**What you need to do:** Exclude the pictures and repeat all of the data exactly.

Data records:

"""

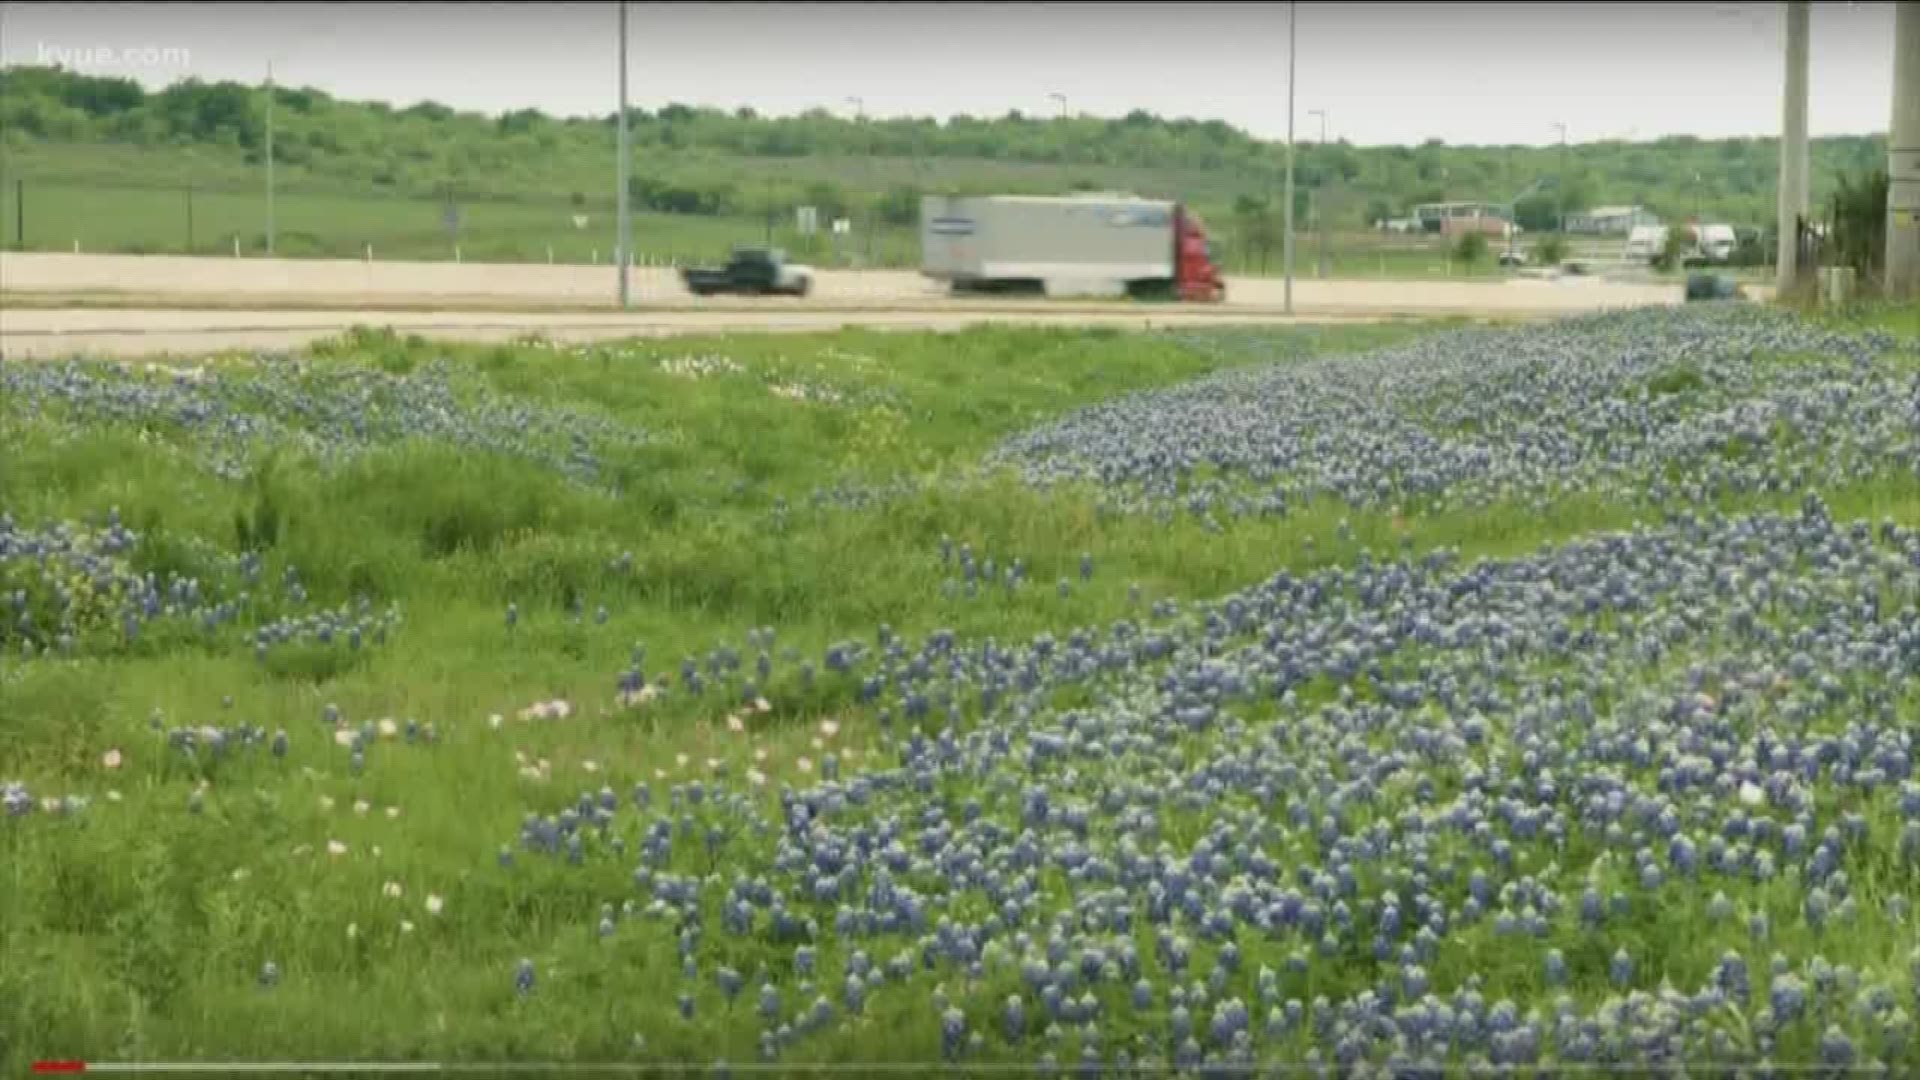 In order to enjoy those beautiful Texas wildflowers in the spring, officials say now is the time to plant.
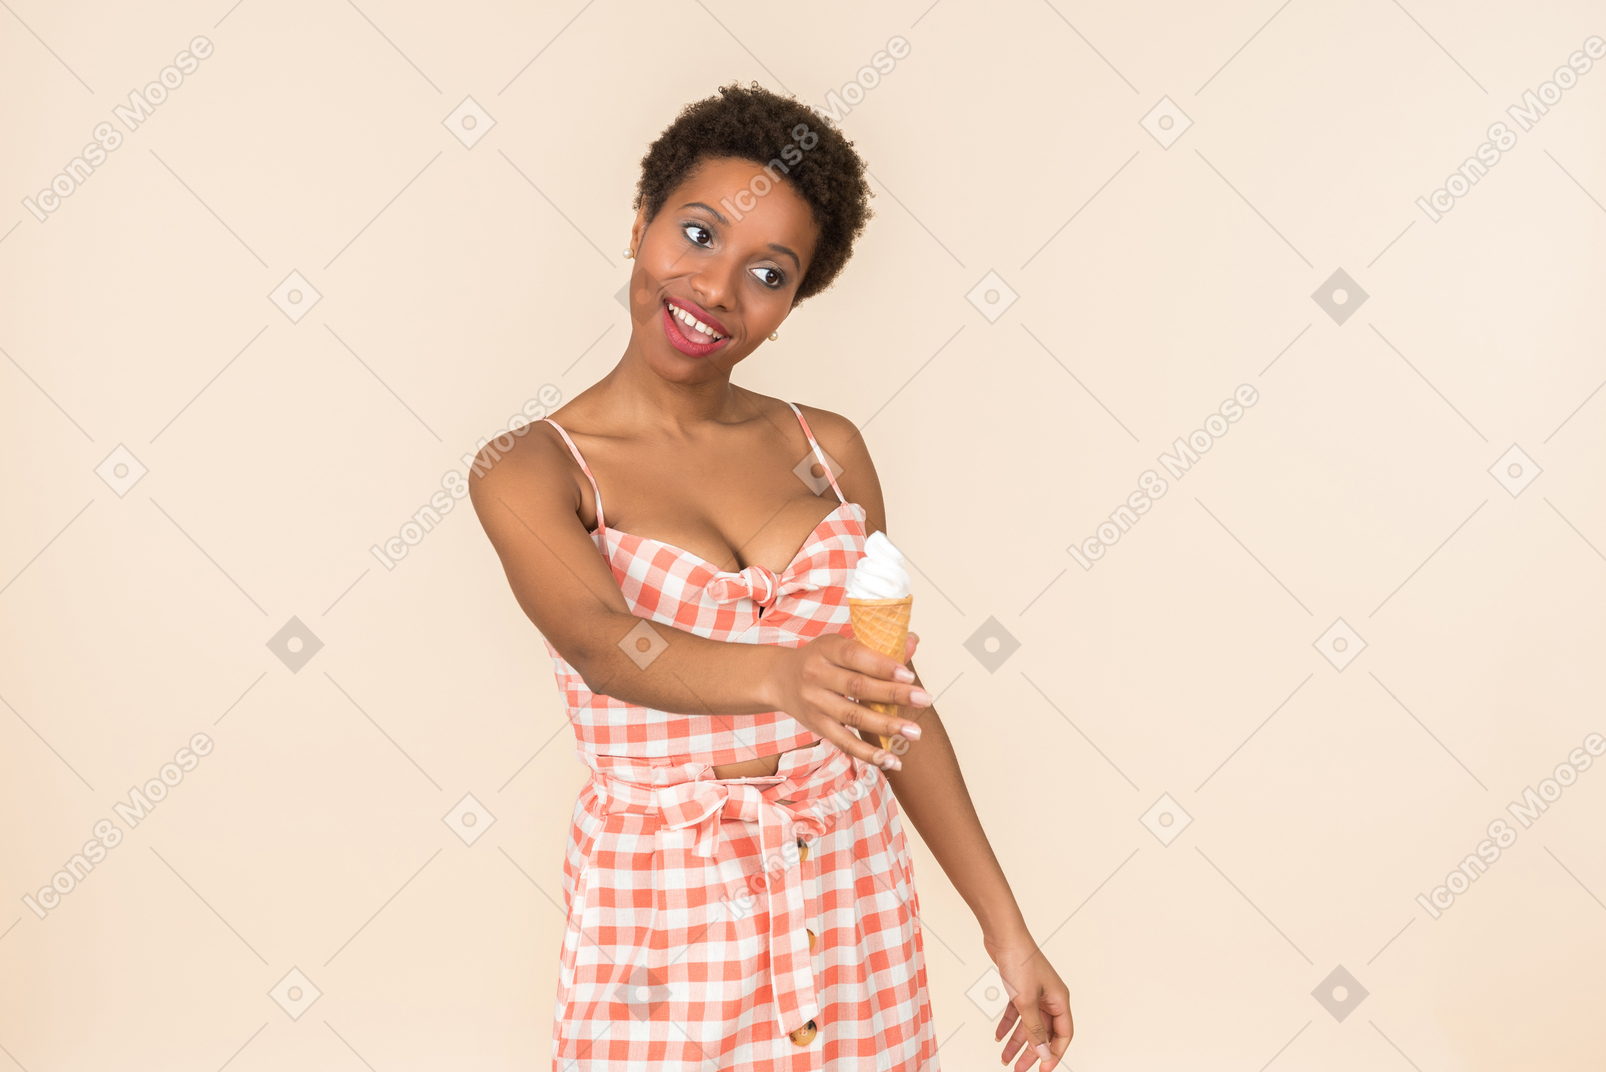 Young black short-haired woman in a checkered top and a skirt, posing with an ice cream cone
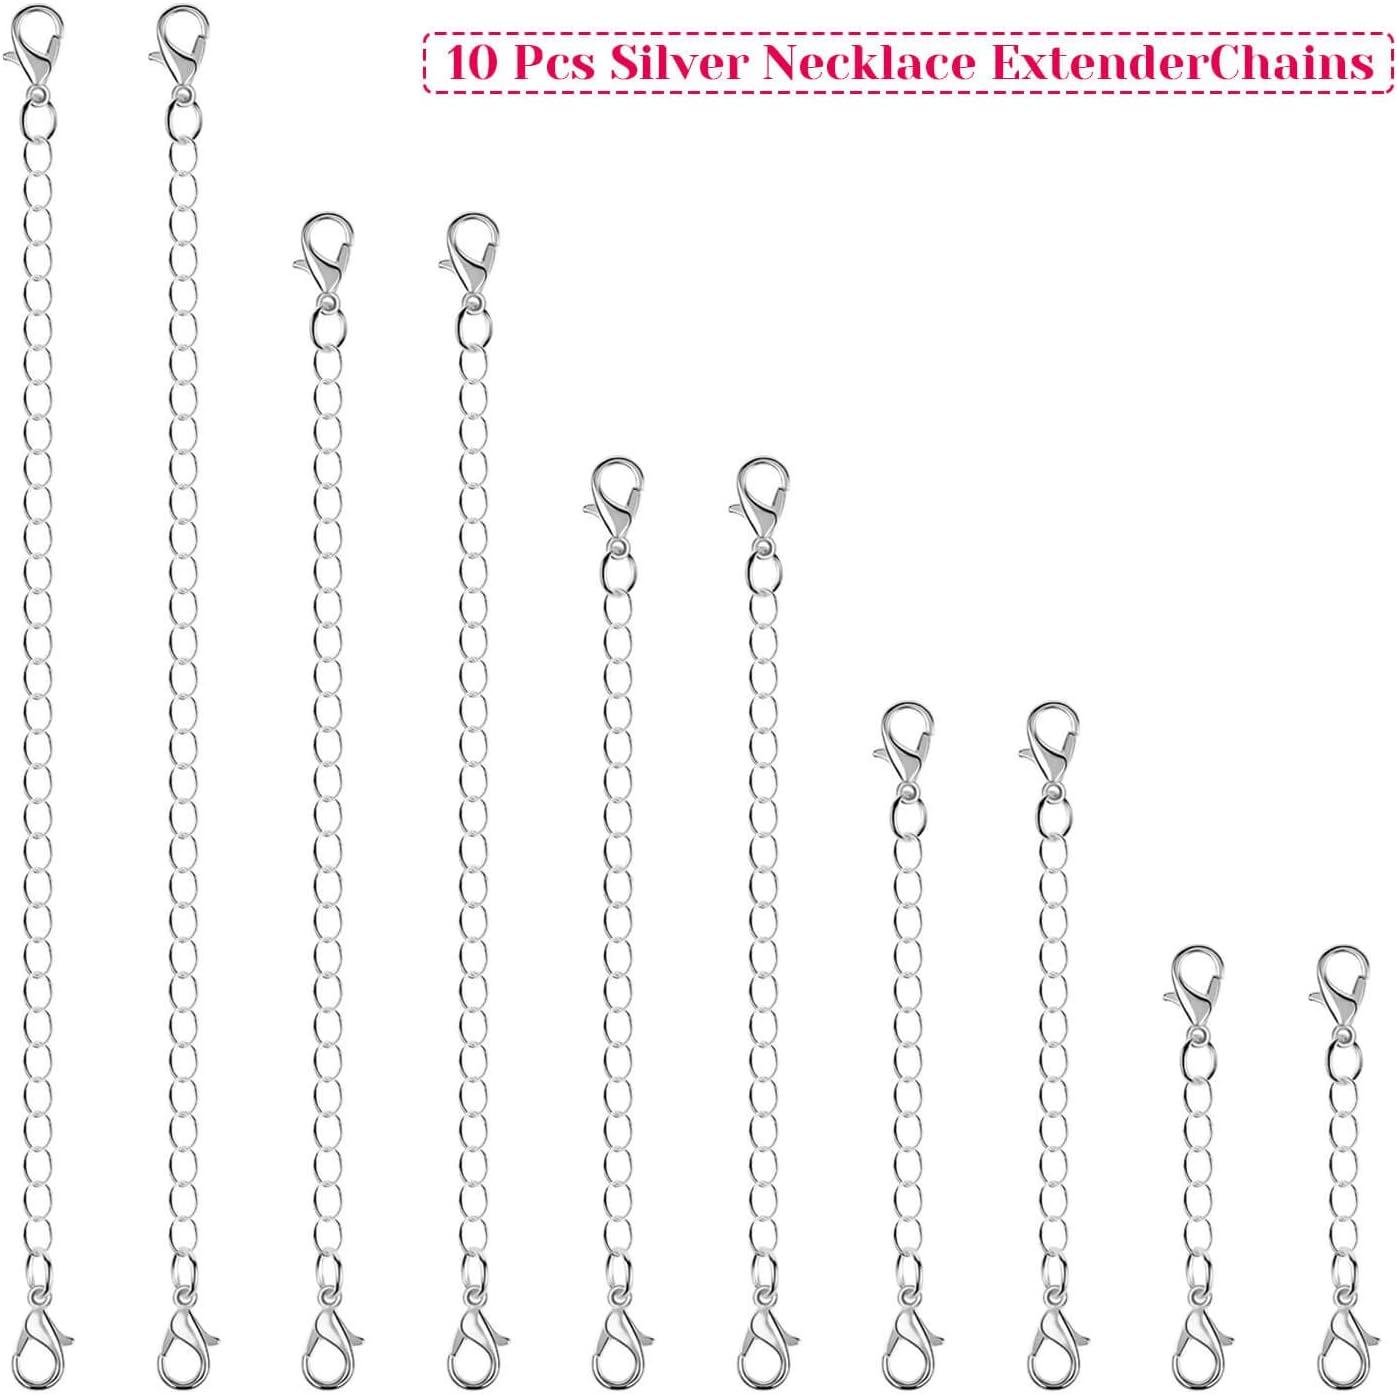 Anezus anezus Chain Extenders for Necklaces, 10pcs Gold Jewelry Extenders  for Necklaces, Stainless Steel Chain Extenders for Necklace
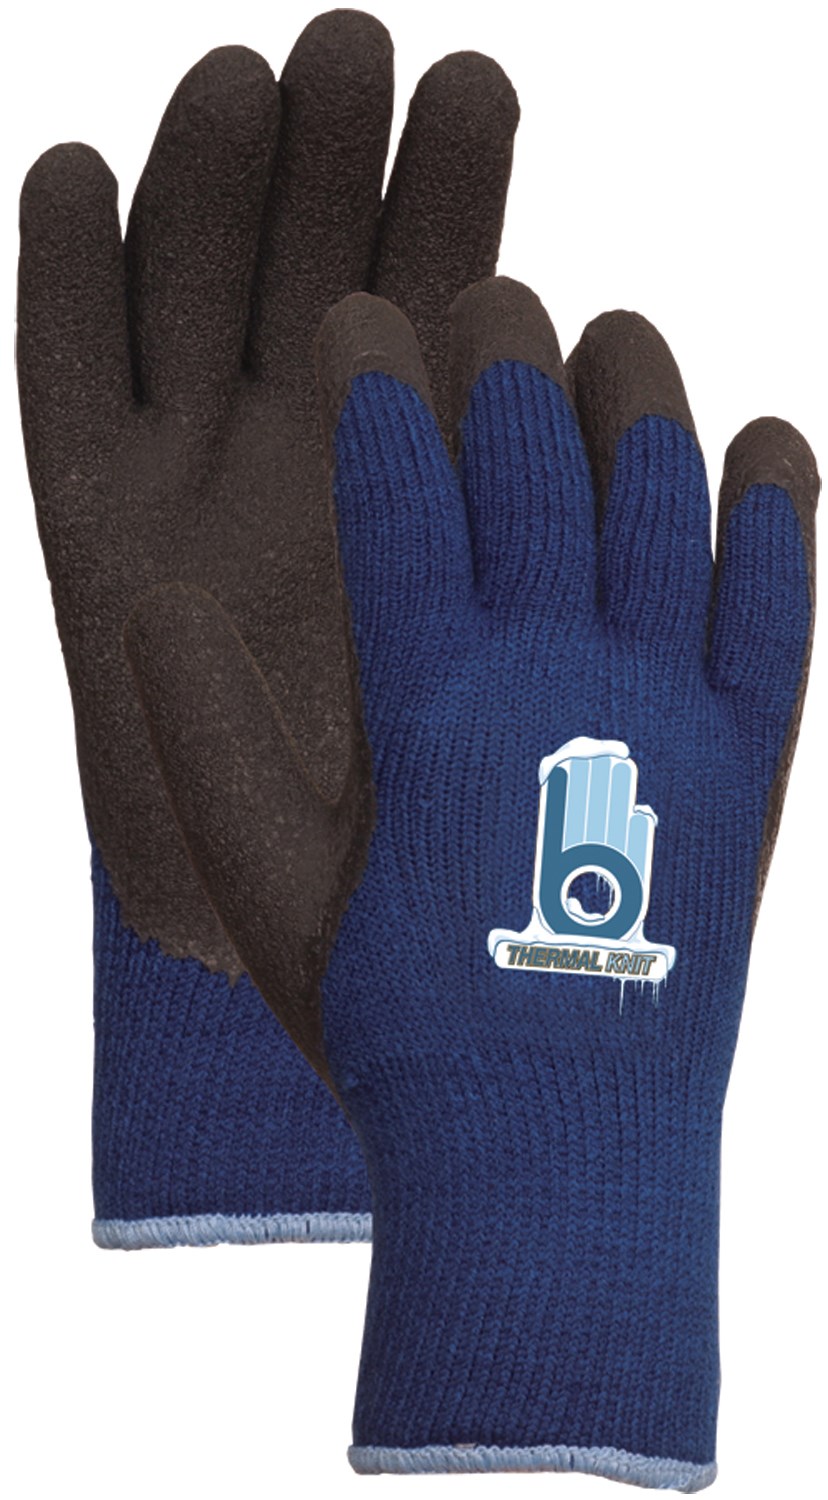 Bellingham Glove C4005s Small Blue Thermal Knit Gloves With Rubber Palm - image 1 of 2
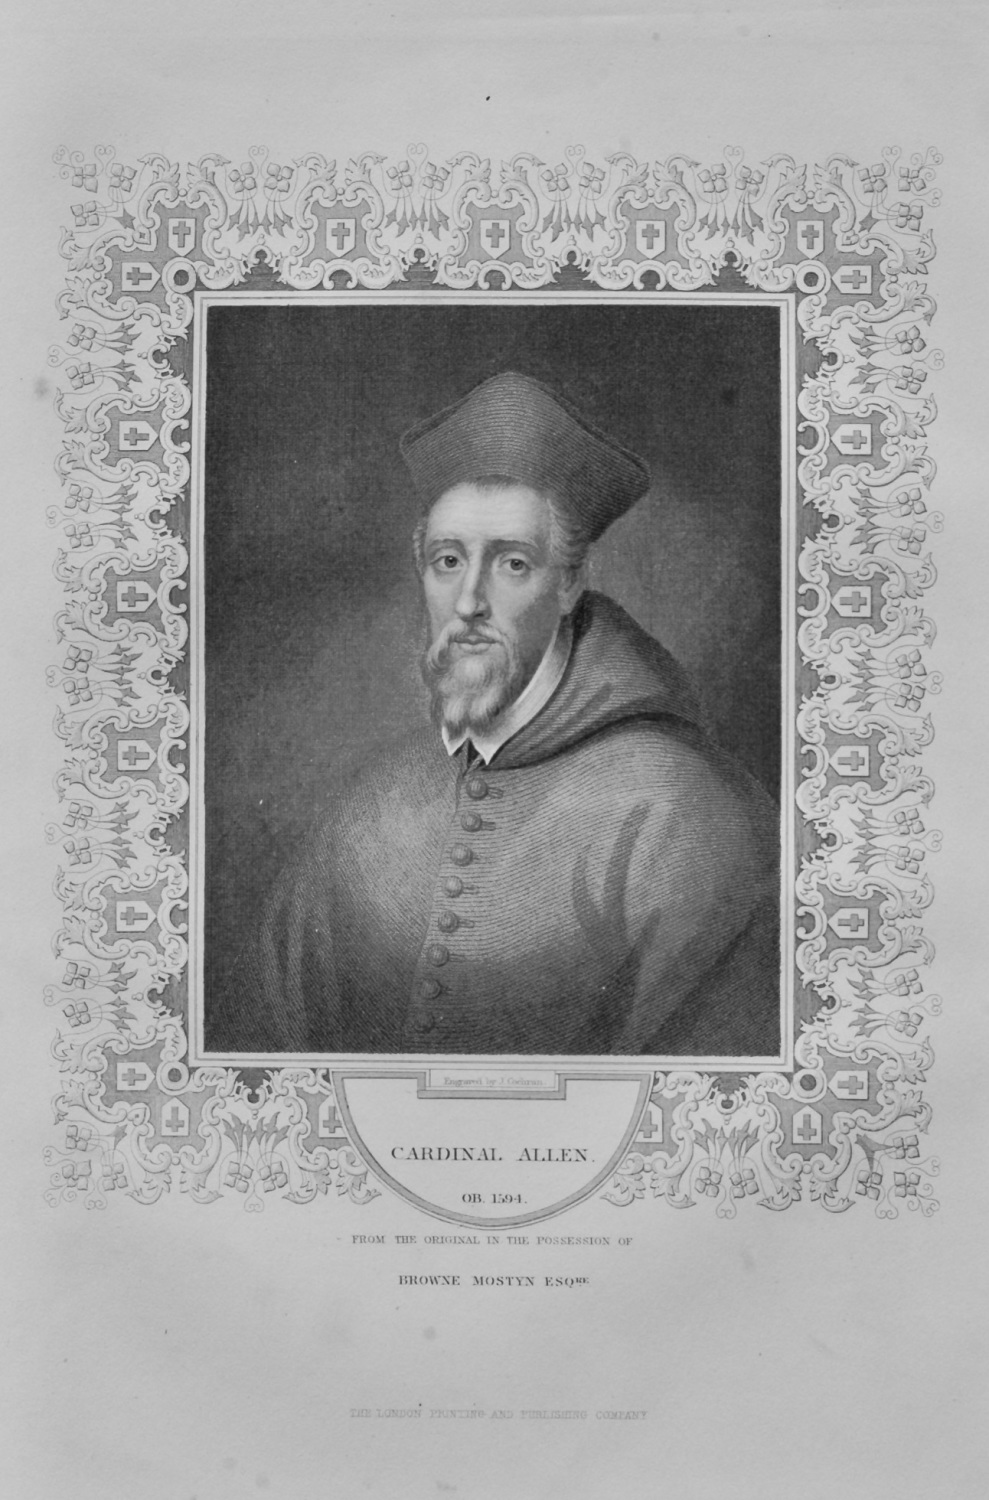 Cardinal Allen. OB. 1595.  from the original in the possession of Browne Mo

"""

**Answer for the task:**
 In order to enjoy those beautiful Texas wildflowers in the spring, officials say now is the time to plant.
 Young black short-haired woman in a checkered top and a skirt, posing with an ice cream cone
 Anezus anezus Chain Extenders for Necklaces, 10pcs Gold Jewelry Extenders  for Necklaces, Stainless Steel Chain Extenders for Necklace
 Bellingham Glove C4005s Small Blue Thermal Knit Gloves With Rubber Palm - image 1 of 2
 Cardinal Allen. OB. 1595.  from the original in the possession of Browne Mo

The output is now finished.